As a reminder, the California “ABC” test codified in AB 5 sets forth that hiring entities must classify workers as employees unless they meet all of the following three conditions:
A. The person is free from the control and direction of the hiring entity in connection with the performance of the work, both under the contract for the performance of the work and in fact.
B. The person performs work that is outside the usual course of the hiring entity’s business.
C. The person is customarily engaged in an independently established trade, occupation, or business of the same nature as that involved in the work performed.
Previously in January 2020, California state trial court Judge William Highberger issued an opinion holding that the FAAAA preempts use of California’s version of the “ABC” test (as adopted by the California Supreme Court in Dynamex Operations West Inc. v. Superior Court, which California later codified in AB 5) with respect to classification of independent contractors in the trucking industry. The state trial court held that “[b]ecause Prong B of the ABC Test … prohibits motor carriers from using independent contractors to provide transportation services, the ABC Test has an impermissible effect on motor carriers’ ‘price[s], route[s], [and] service[s]’ and is preempted by the FAAAA.” As stated above, the California state appeals court disagreed with this ruling. The appeals court’s opinion likely will be subject to further appellate review, as several parties involved in the case have indicated an intent to seek review from the California Supreme Court.
Also, review of the FAAAA’s preemption of the AB 5 contractor classification test is pending in the federal court system in the matter captioned CTA v. Becerra. Relatedly and shortly after the state trial court’s decision issued in Cal Cartage in January 2020, federal district court Judge Roger Benitez granted a preliminary injunction upon CTA’s request, thereby preventing the state from enforcing the AB 5 classification test with respect to truckers. This decision is currently pending on appeal before the Ninth Circuit Court of Appeals. The parties to the federal appeal have both submitted letters to the Ninth Circuit citing the Cal Cartage decision and urging different interpretations. Still, the Cal Cartage decision is not binding on the Ninth Circuit. At this point in time, legal commentators generally have not predicted with any confidence whether the Ninth Circuit will rule one way or another.

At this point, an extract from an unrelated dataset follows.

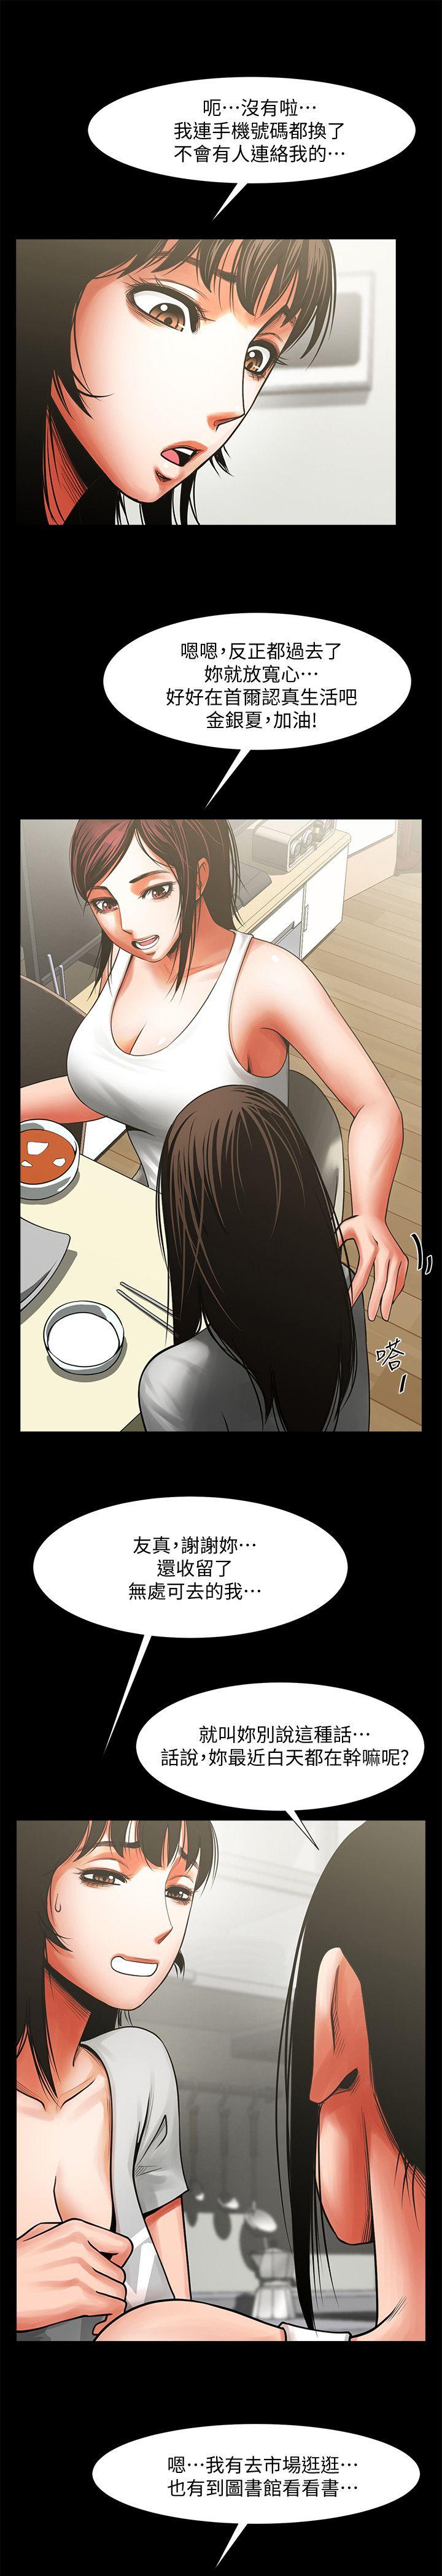 《共享情人》漫画 第10话 - 友真对银夏起疑

Some commentators believe that, in the event the Ninth Circuit does not affirm the preliminary injunction, any decision not to affirm will be due to a desire for a more developed record at the district court level. A more developed record could substantiate the impact of AB 5 on prices, routes, and services, and consequently whether the FAAAA preempts AB 5. Upon the Ninth Circuit’s issuance of an opinion, the issue also potentially could reach the United States Supreme Court.
As parallel appeals could reach both the United States Supreme Court and the California Supreme Court, this issue continues to remain in limbo.